Then he looked.
The blonde lady was there, before his eyes, within reach of his hand.
She put out the lamp and turned on the electric switch. For the first time, Shears saw her face in the full light. He gave a start. The woman whom he had ended by overtaking after so many shifts and turns was none other than Clotilde Destange.
Clotilde Destange, the murderess of Baron d'Hautrec and the purloiner of the blue diamond! Clotilde Destange the mysterious friend of Arsène Lupin! The blonde lady, in short!
"Why, of course," he thought, "I'm the biggest blockhead that ever lived! Just because Lupin's friend is fair and Clotilde dark, I never thought of connecting the two women! As though the blonde lady could afford to continue fair after the murder of the baron and the theft of the diamond!"
Shears saw part of the room, an elegant lady's boudoir, adorned with light hangings and valuable knick-knacks. A mahogany settee stood on a slightly-raised platform. Clotilde had sat down on it and remained motionless, with her head between her hands. And soon he noticed that she was crying.
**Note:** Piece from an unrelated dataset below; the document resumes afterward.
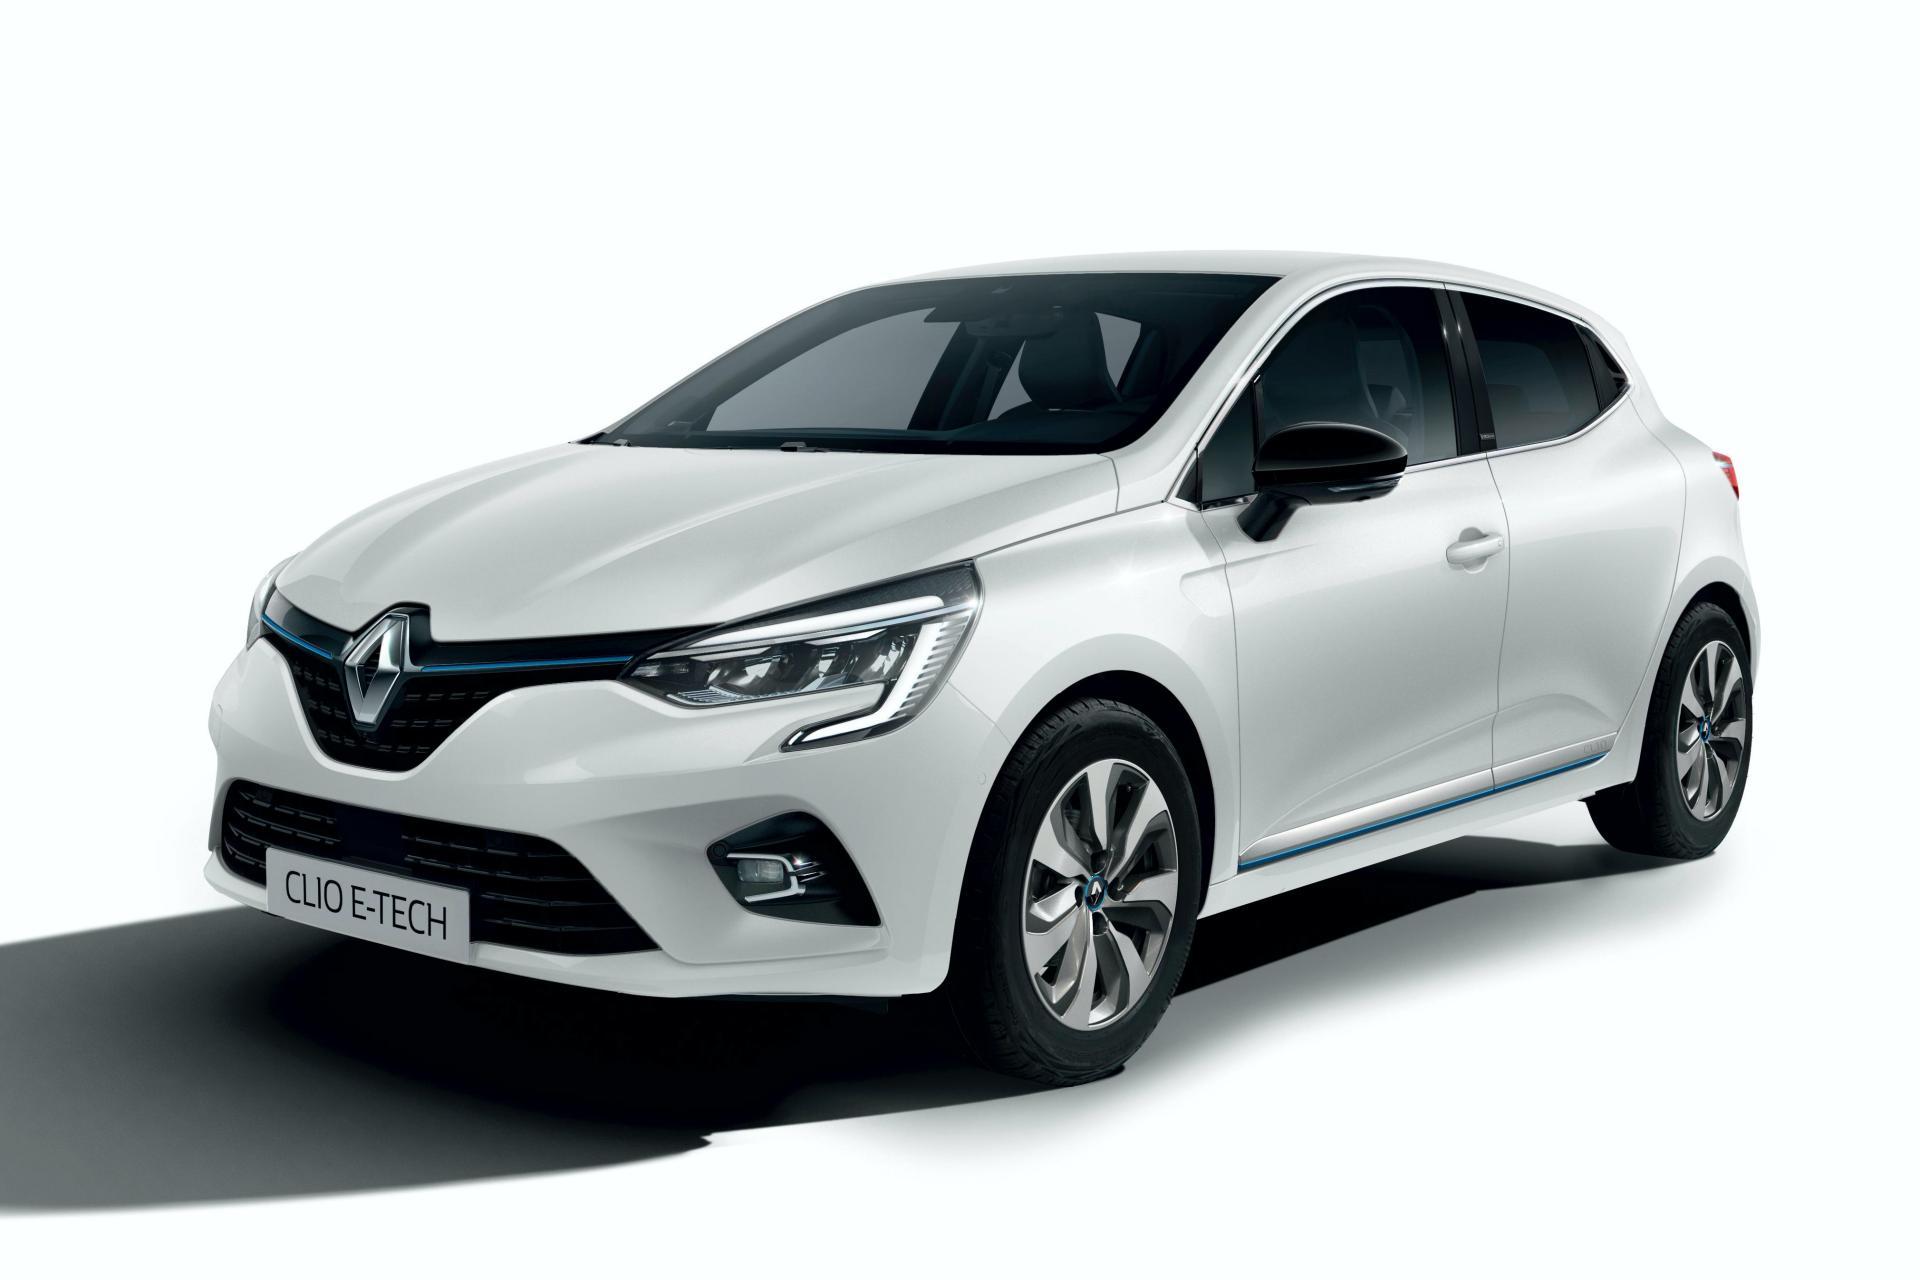 2020-Renault-Clio-E-Tech-hybrid-2

Great tears flowed down her pale cheeks, trickled by her mouth, fell drop by drop on the velvet of her bodice. And more tears followed indefinitely, as though springing from an inexhaustible source. And no sadder sight was ever seen than that dull and resigned despair, which expressed itself in the slow flowing of the tears.
But a door opened behind her. Arsène Lupin entered.
They looked at each other for a long time, without exchanging a word. Then he knelt down beside her, pressed his head to her breast, put his arms round her; and there was infinite tenderness and great pity in the gesture with which he embraced the girl. They did not move. A soft silence united them, and her tears flowed less abundantly.
"I so much wanted to make you happy!" he whispered.